Hard work. Big Rewards. Bigger blessings. Life on a South Dakota ranch.
First of all, people have asked where they can help those who suffered storm losses. Here is some information for you. Thanks for all who have emailed looking to help. May GOD bless you all abundantly. To those suffering, please know we are praying with you, hurting with you, and will help in any way possible. The sun will continue to rise. Please take care of yourselves and those you love.

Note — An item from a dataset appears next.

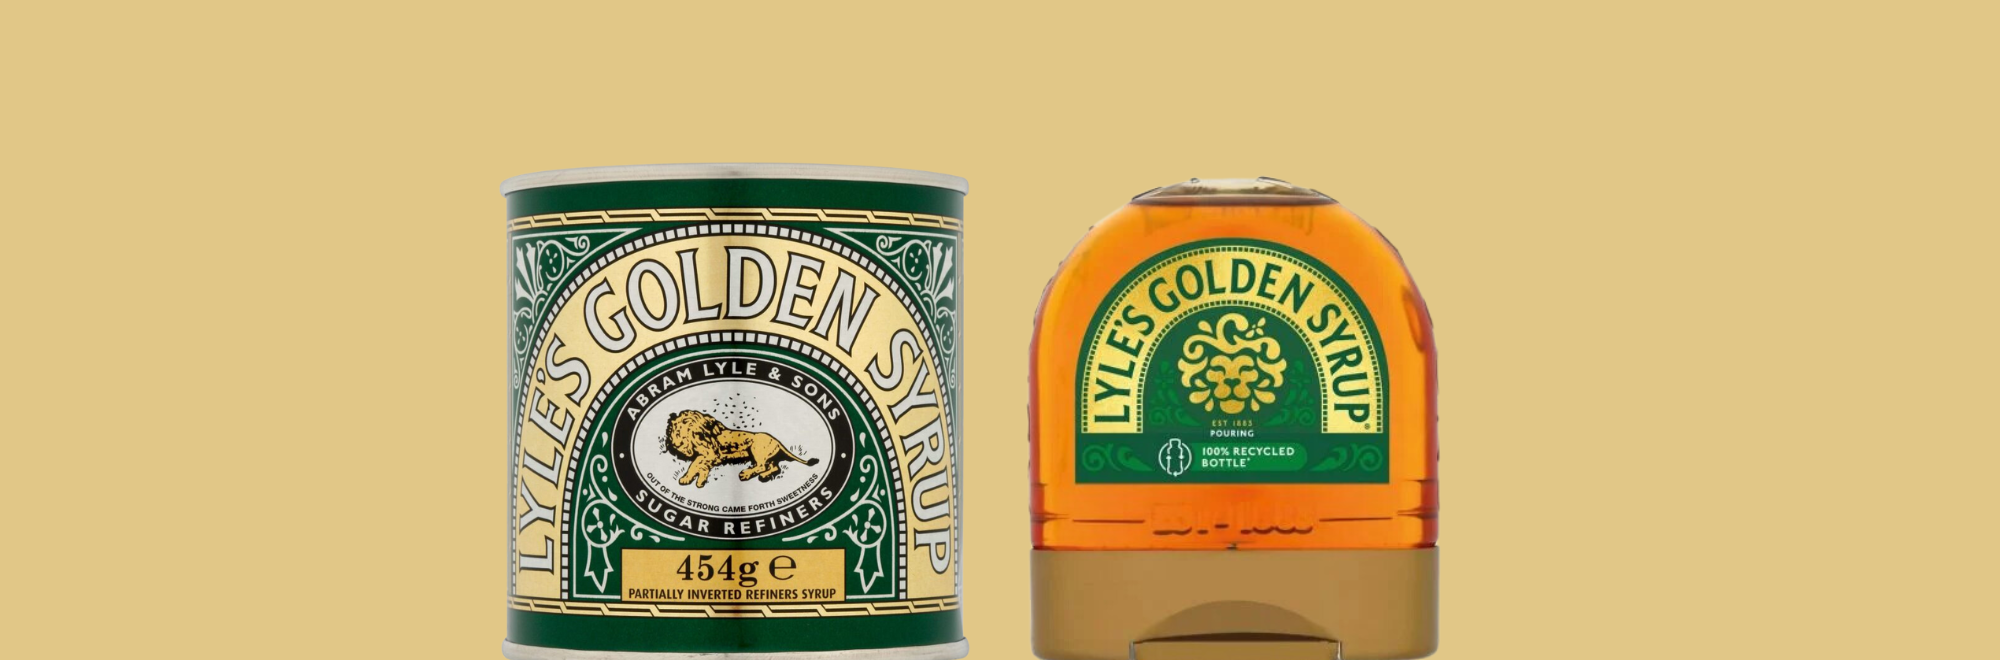 Golden Syrup’s rebrand: necessary or a step too far?

Secondly, this will be my last post regarding the negativity and the cruel comments that are circulating surrounding the livestock lost in the snowstorm. I figure my time is much more valuable and better spent trying to educate about agriculture and what it is that we really do, rather than trying to understand the cruelty, lack of compassion, and lack of education being shown in the comments. However, I am truly perplexed by some of the comments. The negative comments posted on articles by those who don’t live our life and have no knowledge of agriculture I can understand way more than the negative comments posted by people who profess to “once being” a rancher or farmer.

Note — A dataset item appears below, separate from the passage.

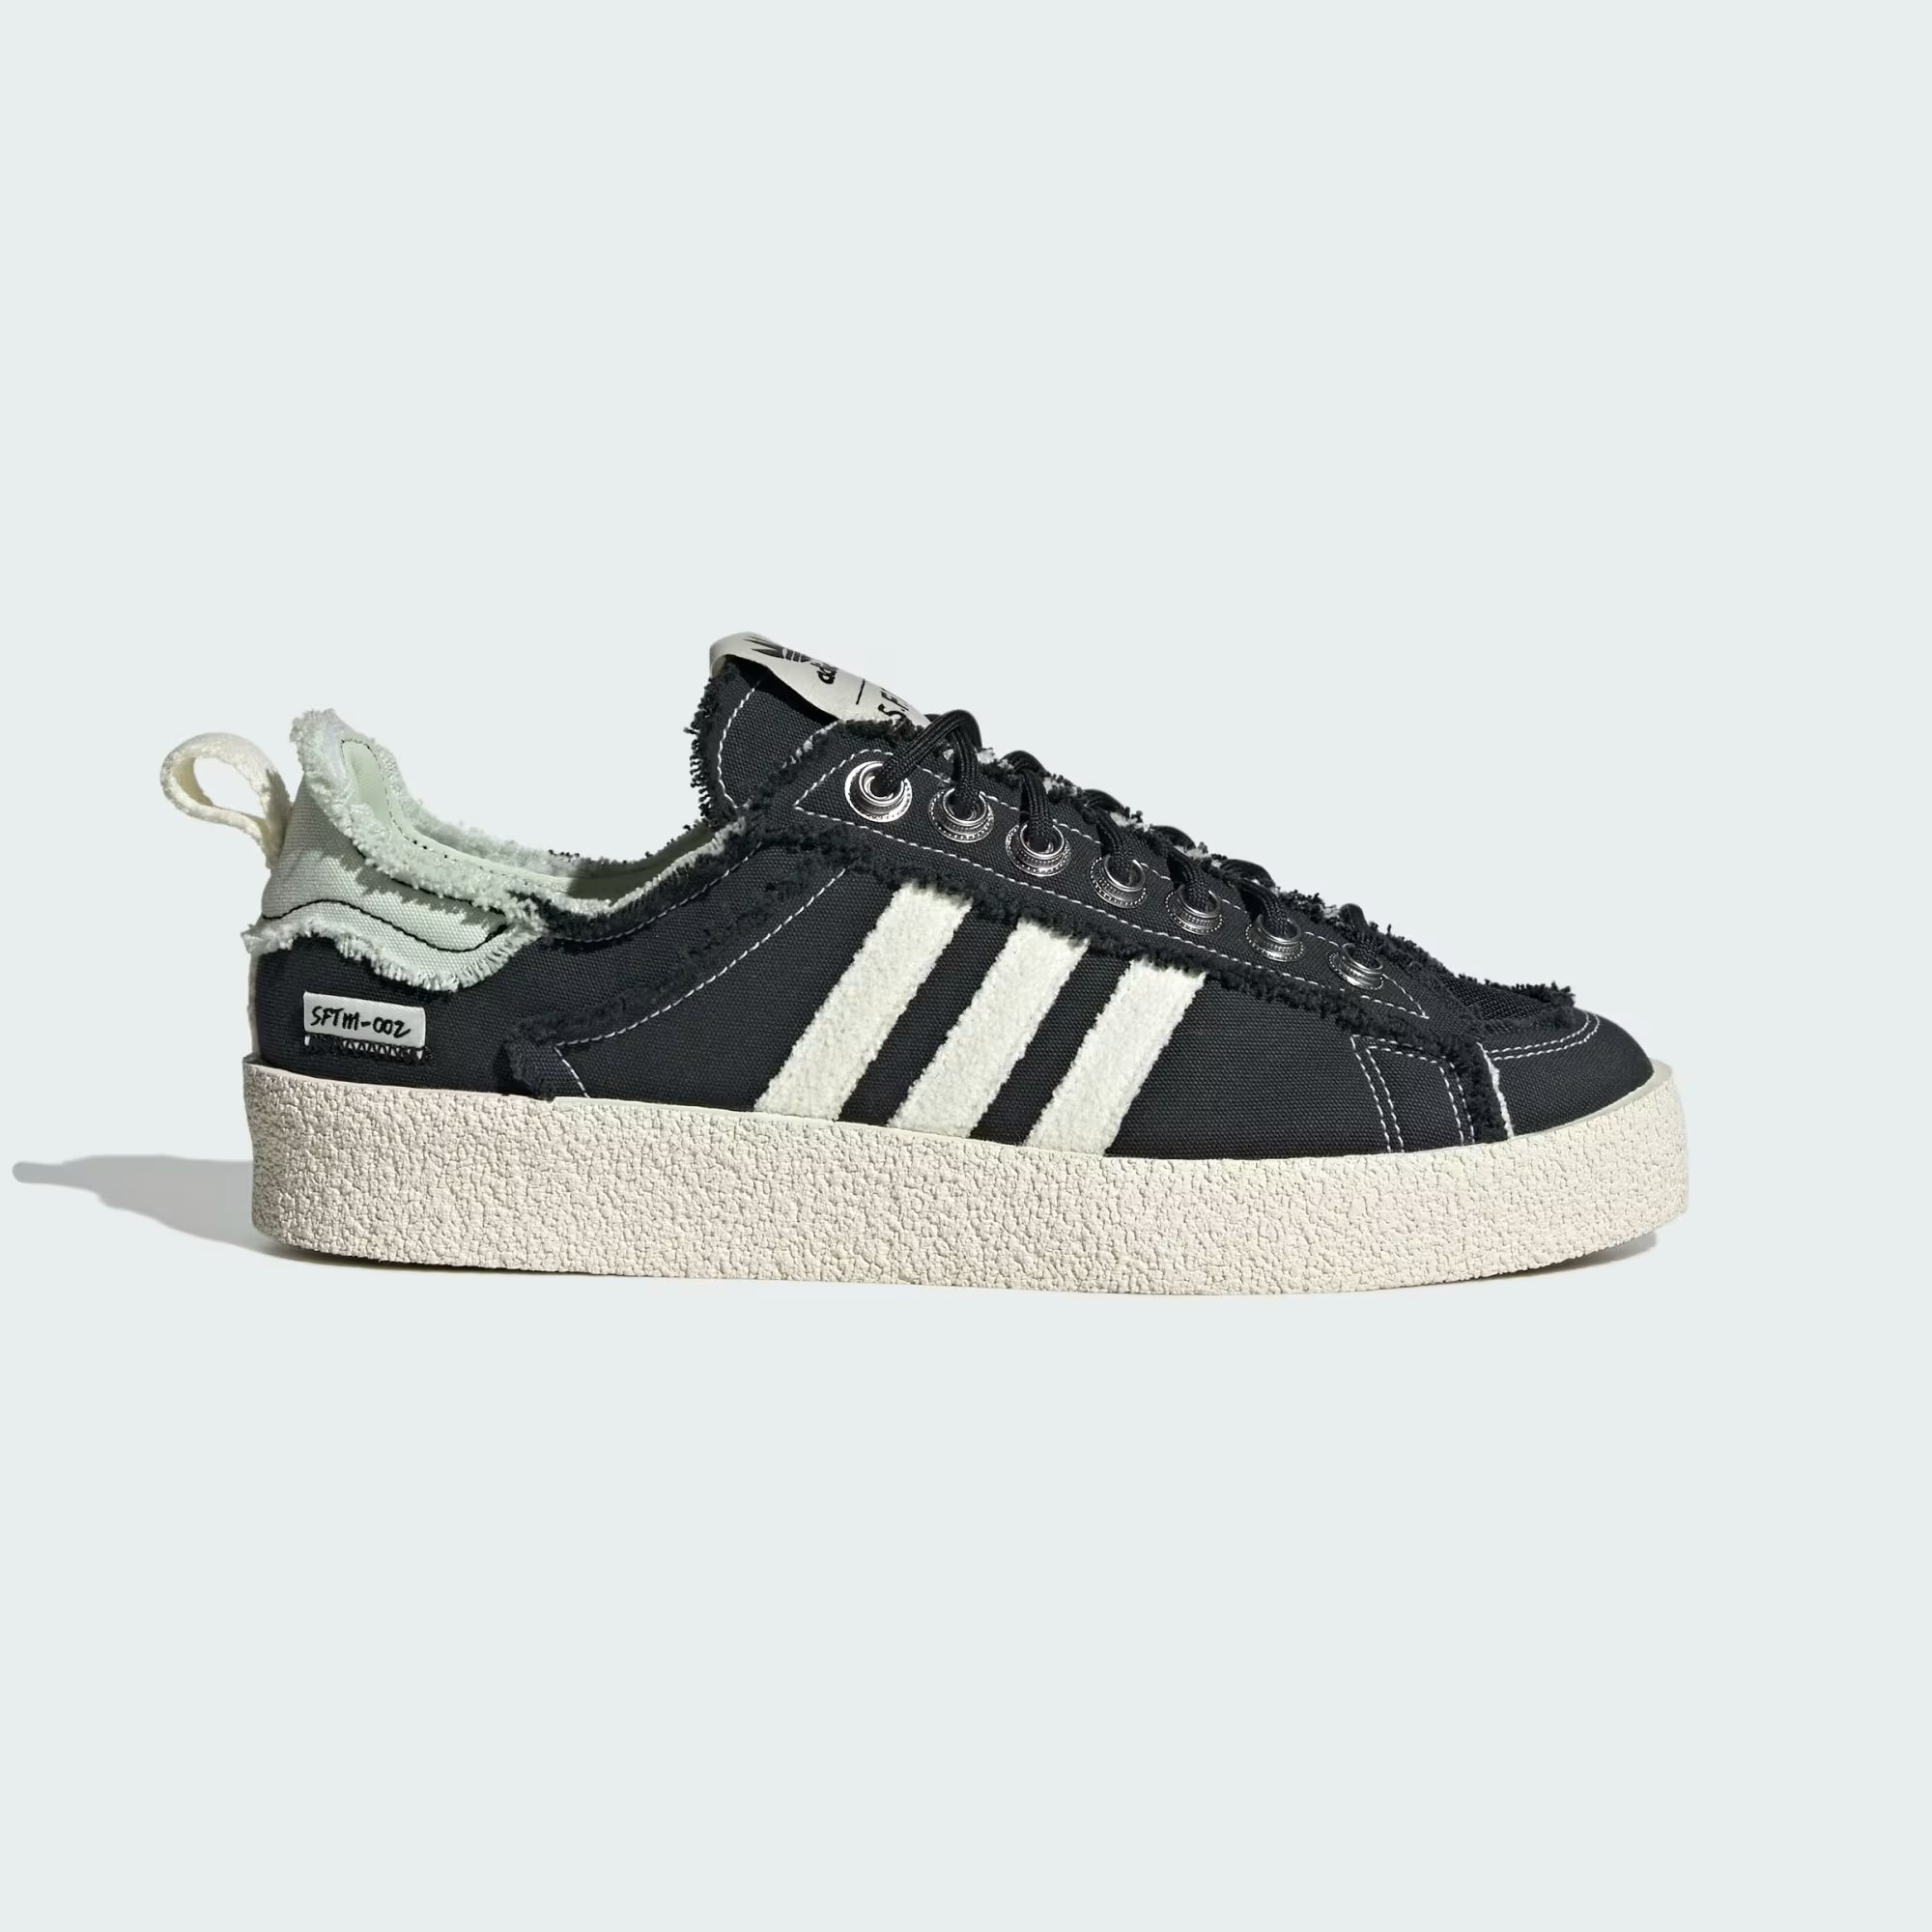 Song for the Mute x adidas Campus 80s "Core Black"

I have seen comments by “I was once a rancher” passing judgement on who is a good rancher versus who is a bad rancher based on what livestock was lost. Are you kidding me? The storm didn’t chose where to hit the hardest based on whom Mother Nature deemed a bad rancher. There were comments by “I was once a rancher” stating that all of THEIR livestock “back in the day” would have been in protection of barns, trees, wind breaks etc. There was livestock killed while being protected in barns after the roofs collapsed from the weight of the snow. There are pictures after pictures of animals who blew out from protected areas and later died many miles away after going through multiple fences, draws, etc. There were comments from “I was once a rancher” stating everyone had enough notice and the cows shouldn’t still have been in the summer pastures. The storm warnings changed from day-to-day. It went from a couple of inches one day to several more inches the next, and so on.

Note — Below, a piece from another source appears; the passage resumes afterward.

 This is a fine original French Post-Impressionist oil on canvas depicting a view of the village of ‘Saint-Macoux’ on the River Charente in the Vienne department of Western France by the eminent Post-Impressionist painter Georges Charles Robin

Lastly, the craziest part of all of this is that all this time I thought there was shared sense of camaraderie among people in agriculture— whether those currently in agriculture or those “I was once-ers”. Our world surely is changing as I never dreamed that fellow ranchers would be bashing each other over bouts of bad fortune. I never dreamed that fellow ranchers would be twisting the knives a little deeper in the guts of those already hurt and suffering. Here I thought we lived in the best part of the world, lucky to live the best life, and honored to be part of a time-honored way of life where you help out your neighbor, cry with them, pray with them, hurt with them, and do everything you can to help them. Guess not. At least not all of us. Maybe I’m not praying for the right people. I will add the “I was once-ers” to my list of people to pray for.